In 2006, Bono and Bobby Shriver launched (RED) project, a joint collaboration between several brands including Armani and Gap.

 

The profit of (RED) products is donated to the Global Fund, the biggest financial supporter of the fight against HIV Aids, malaria and tuberculosis in Africa. Bobby Shriver said it was necessary to create a mechanism for a sustainable financial support to the Global Fund.

 

“A smart friend told us we had to sell the idea like Nike, so we thought about creating a brand which could enthusiasm consumers and be a business model good enough to make companies wanting to invest in us.

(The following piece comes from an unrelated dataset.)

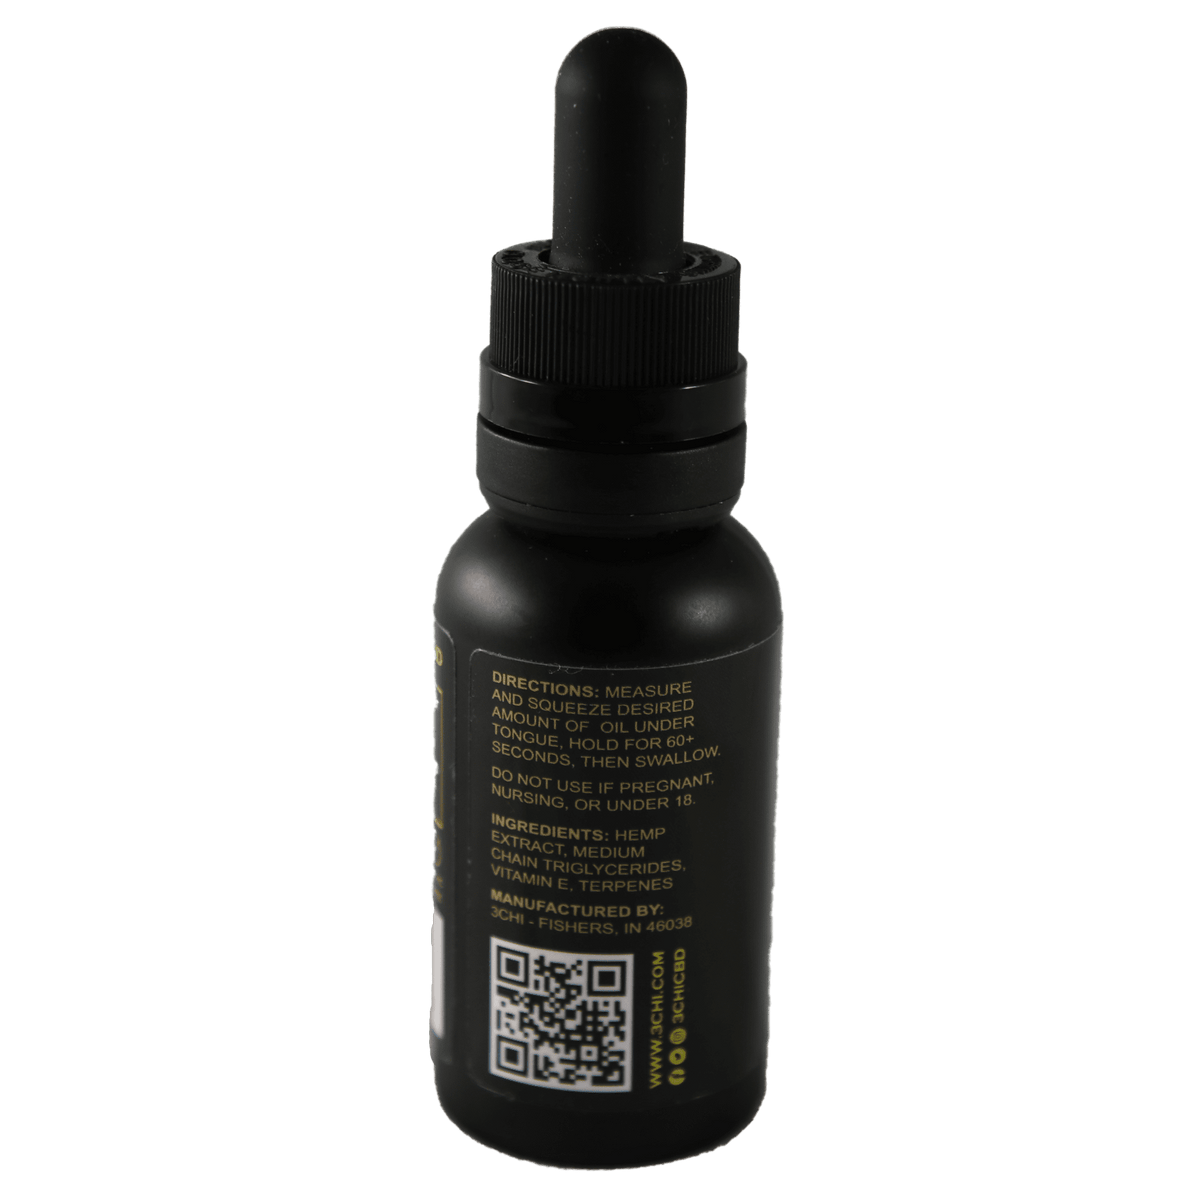 3 Chi Soothe CBD Oil
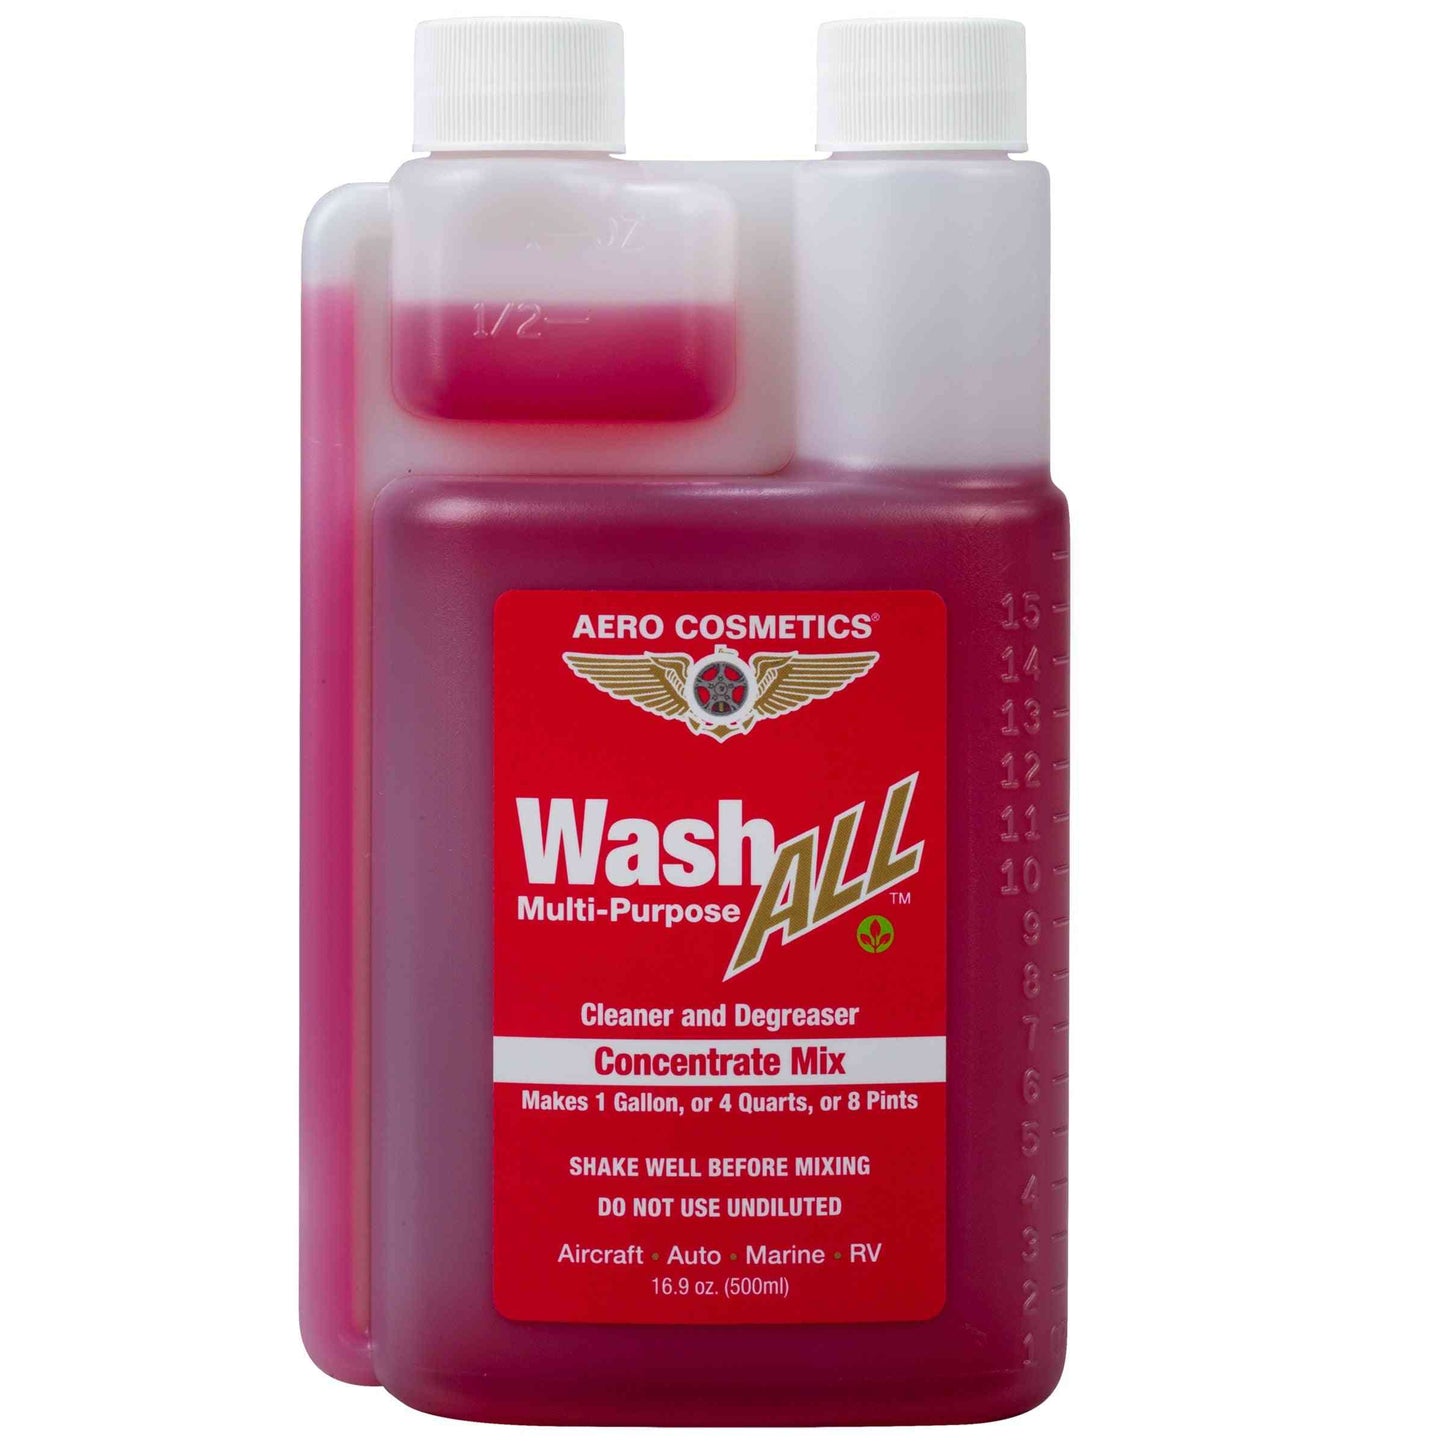 Wash ALL Degreaser Concentrate 16 Fl. oz  [Makes 1 Gallon] - Multi-Purpose Cleaner and Degreaser

We thought carefully about the name, red is the colour of emergency and the parenthesis on the logo means an embrace.” 

 

(RED) products are sold in more than a hundred countries all over the world. “Today, consumers are much more aware of the impact of their decisions, (RED) gives them power because they know they’re helping people with HIV in Africa”, adds Shriver.

Africa’s support is also the main concern of Danish designer Peter Ingwersen, founder of Noir. “It’s a socially responsible brand, supports an organic and environmentally safe fashion, which is also sexy”, says Ingwersen.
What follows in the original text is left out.